# Weather Sticker in Your Signature



## BruteForce750 (Nov 20, 2009)

I wasn't a 100% sure where to post this, but since its weather related, I thought this might be the most appropriate spot....

A weather sticker is a simple graphic that you put in your signature to display your current weather conditions. There are several websites that offer these and for the most part the method I show you will work for all of them. For demonstration purposes I will be using Http://www.weatherforyou.com. Below are a few of different options you'd be able to use in your signature.

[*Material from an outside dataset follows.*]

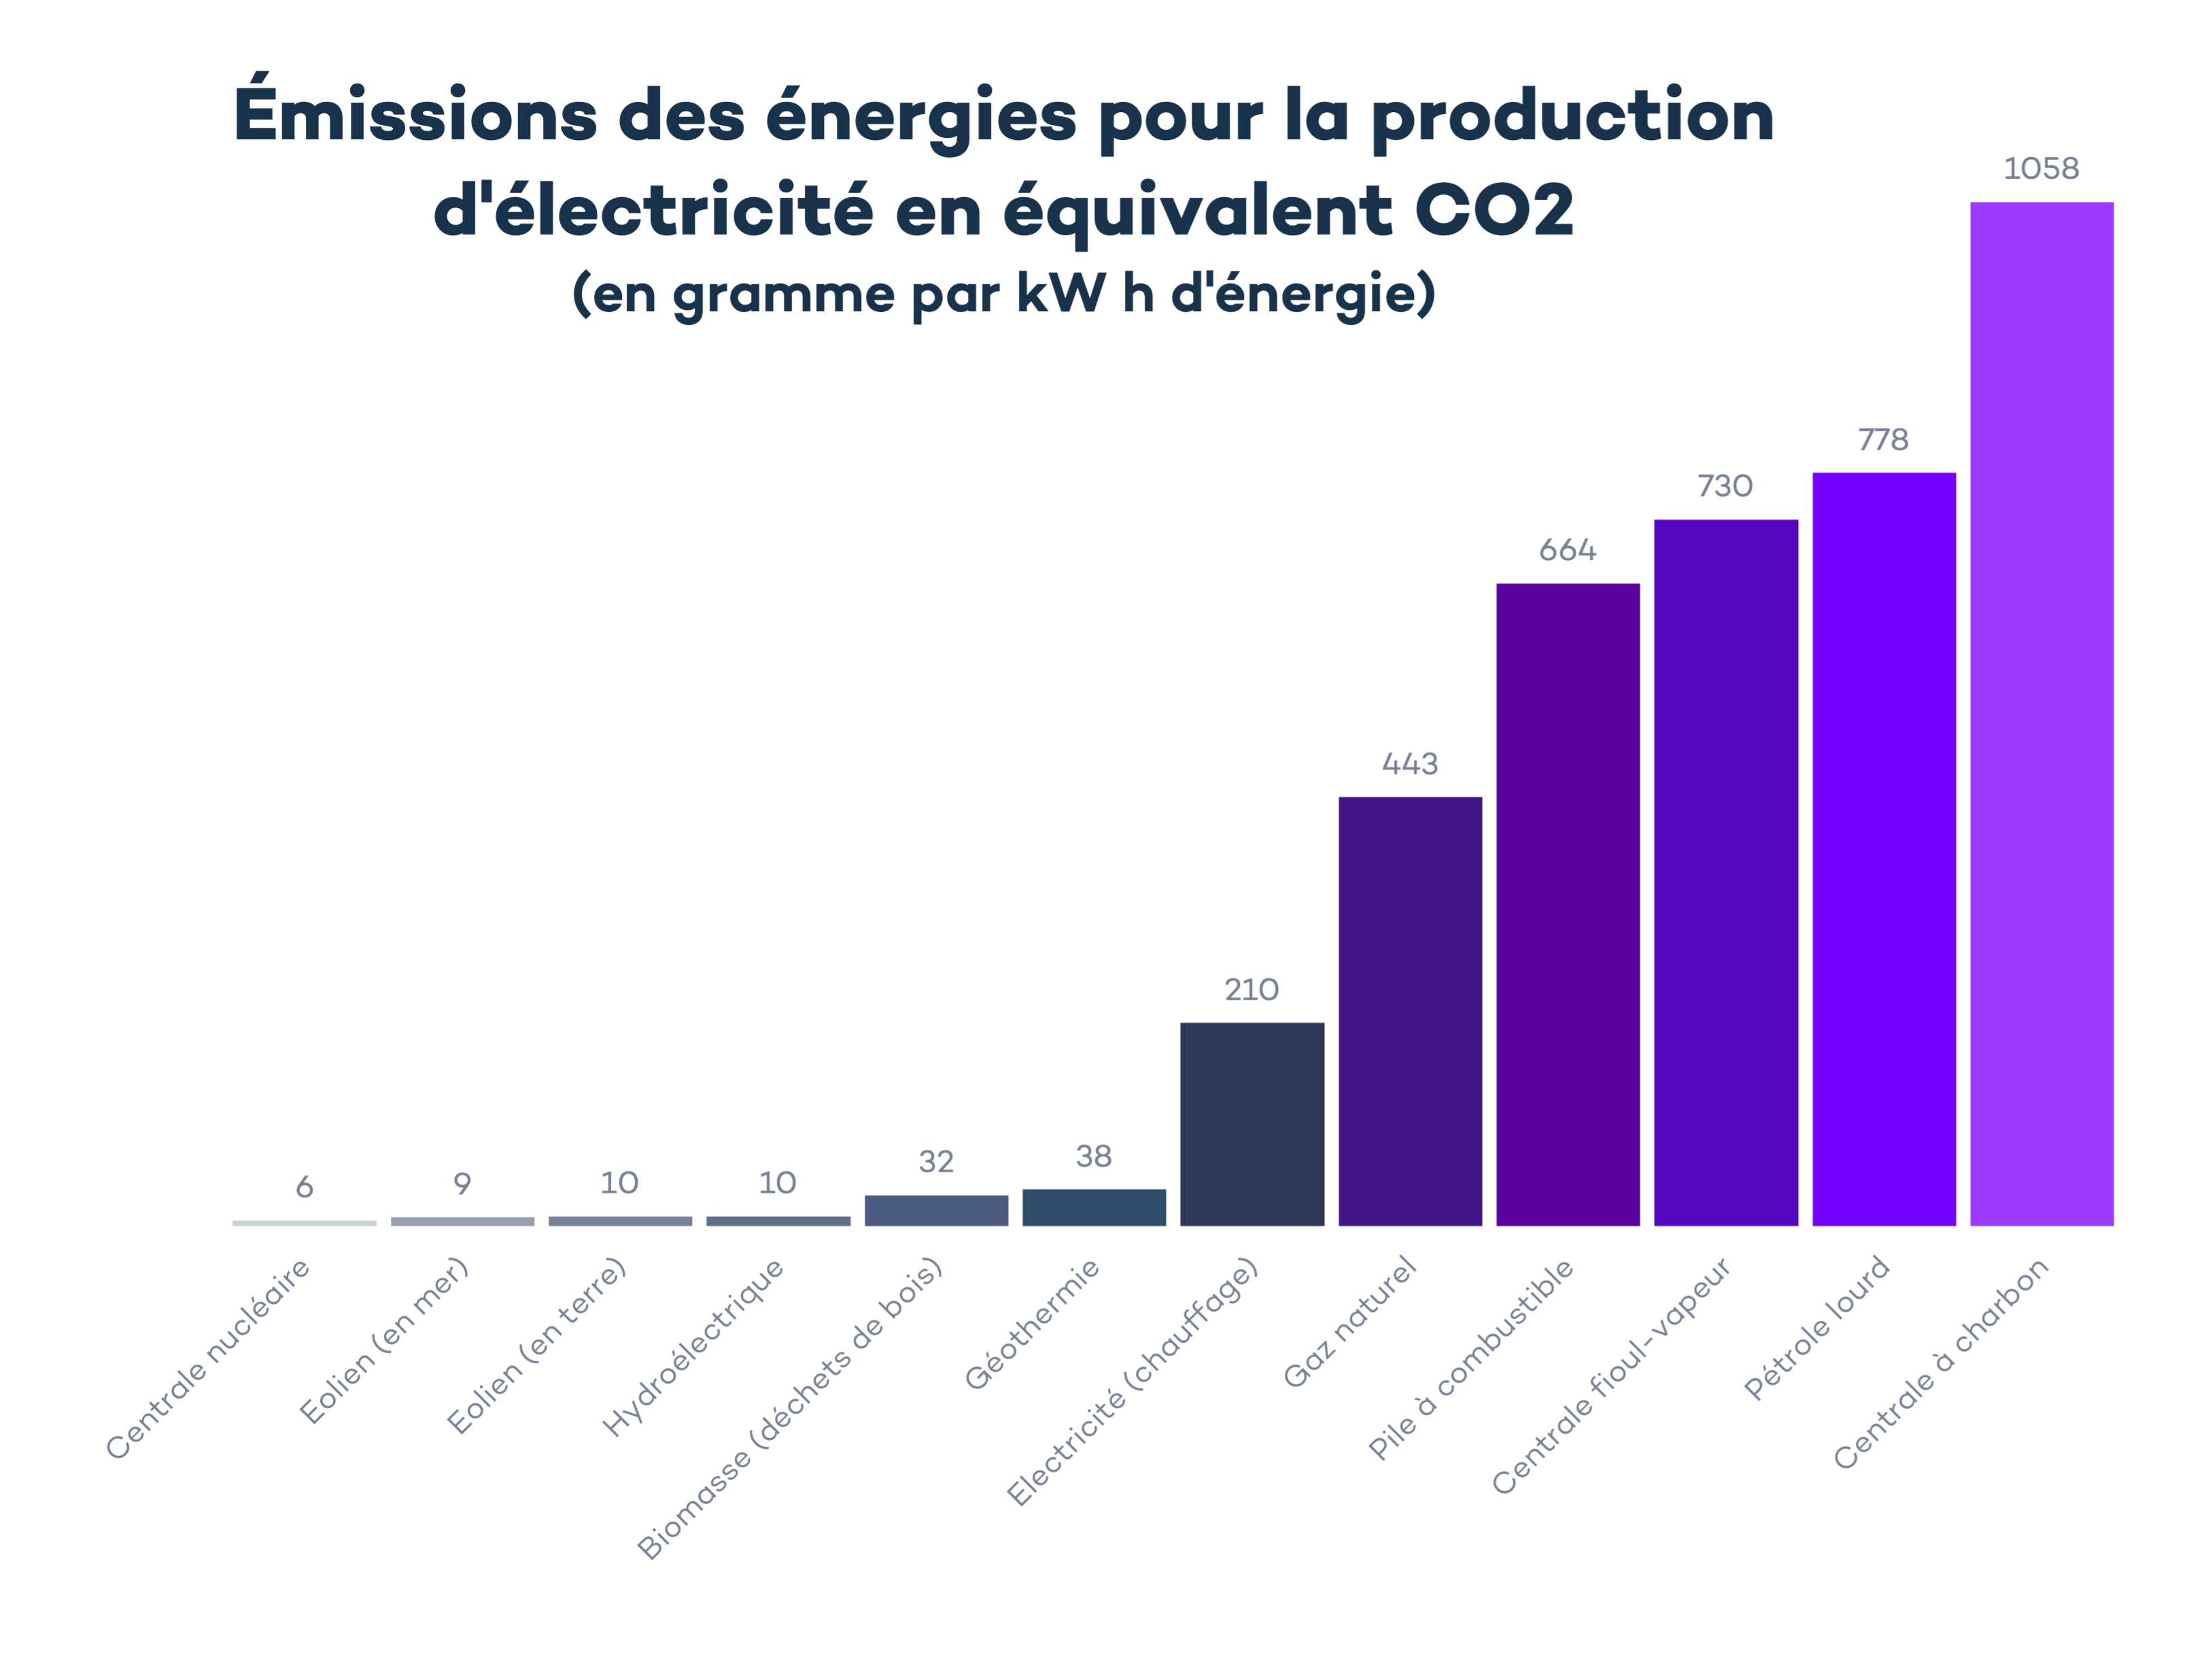 emissions des energies pour production electricite

Please *DO NOT* chose the overly large stickers. Not only will they make your signature look cumbersome, but it will slow the loading speed of the web pages and bring dial-up users to a screeching halt!


----------



## BruteForce750 (Nov 20, 2009)

Now for the fun!

Follow this link to http://www.weatherforyou.com and choose the style sticker you want. Once you've located the style you want to display click on the _"click here to automatically generate the HTML code"_ link provided below it. Next you need to input your desired city and state for which you want the weather.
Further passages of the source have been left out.